>>>>
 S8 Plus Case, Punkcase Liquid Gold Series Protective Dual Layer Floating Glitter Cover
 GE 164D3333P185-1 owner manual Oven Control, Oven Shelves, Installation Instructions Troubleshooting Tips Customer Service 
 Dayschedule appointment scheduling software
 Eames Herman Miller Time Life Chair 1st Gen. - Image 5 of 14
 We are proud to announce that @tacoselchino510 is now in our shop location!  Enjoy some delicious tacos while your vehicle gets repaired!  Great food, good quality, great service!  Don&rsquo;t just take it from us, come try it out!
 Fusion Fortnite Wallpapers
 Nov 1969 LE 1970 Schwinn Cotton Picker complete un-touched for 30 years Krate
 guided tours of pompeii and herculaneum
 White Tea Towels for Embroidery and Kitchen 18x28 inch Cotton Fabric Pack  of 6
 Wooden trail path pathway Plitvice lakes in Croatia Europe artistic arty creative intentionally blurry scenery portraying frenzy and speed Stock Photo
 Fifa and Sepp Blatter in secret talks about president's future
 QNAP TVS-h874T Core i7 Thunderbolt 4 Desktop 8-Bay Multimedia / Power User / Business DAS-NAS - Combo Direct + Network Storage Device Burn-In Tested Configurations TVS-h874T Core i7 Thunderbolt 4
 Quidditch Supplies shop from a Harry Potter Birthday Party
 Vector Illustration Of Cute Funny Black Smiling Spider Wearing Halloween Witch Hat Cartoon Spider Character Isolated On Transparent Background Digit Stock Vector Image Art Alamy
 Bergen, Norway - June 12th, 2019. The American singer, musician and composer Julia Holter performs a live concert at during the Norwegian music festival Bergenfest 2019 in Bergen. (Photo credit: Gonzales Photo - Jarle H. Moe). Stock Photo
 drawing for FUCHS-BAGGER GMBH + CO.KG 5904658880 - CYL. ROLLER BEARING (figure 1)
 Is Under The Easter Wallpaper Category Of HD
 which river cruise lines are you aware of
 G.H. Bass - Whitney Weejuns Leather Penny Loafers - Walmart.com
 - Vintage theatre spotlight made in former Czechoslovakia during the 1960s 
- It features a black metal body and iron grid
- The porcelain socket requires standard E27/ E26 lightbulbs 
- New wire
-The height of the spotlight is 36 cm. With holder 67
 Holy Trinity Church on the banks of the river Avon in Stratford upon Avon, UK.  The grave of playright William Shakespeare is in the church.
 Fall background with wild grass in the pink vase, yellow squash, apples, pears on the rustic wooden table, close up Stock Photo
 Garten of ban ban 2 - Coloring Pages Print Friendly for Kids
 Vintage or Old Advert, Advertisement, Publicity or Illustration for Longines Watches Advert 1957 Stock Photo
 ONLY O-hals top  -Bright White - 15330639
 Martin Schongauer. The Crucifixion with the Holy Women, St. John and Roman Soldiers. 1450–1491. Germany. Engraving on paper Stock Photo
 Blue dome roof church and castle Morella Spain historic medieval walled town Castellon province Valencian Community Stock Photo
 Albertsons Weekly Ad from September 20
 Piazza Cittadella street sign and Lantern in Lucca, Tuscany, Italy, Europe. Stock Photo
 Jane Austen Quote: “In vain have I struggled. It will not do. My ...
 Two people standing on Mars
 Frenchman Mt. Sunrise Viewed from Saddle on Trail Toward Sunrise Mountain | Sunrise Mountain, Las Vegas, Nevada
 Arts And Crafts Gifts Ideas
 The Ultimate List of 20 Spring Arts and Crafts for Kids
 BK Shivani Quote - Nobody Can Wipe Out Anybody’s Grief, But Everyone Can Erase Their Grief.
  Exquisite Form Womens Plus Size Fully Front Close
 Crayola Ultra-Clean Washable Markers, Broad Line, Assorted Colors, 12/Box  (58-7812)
<<<<
# [WHAT YOU HAVE TO DO]
Starting at the line that has "White Tea Towels" and ending at the line that has "Fifa and Sepp", please write out the lines above exactly, leaving out all others.

# [RESULT]
 White Tea Towels for Embroidery and Kitchen 18x28 inch Cotton Fabric Pack  of 6
 Wooden trail path pathway Plitvice lakes in Croatia Europe artistic arty creative intentionally blurry scenery portraying frenzy and speed Stock Photo
 Fifa and Sepp Blatter in secret talks about president's future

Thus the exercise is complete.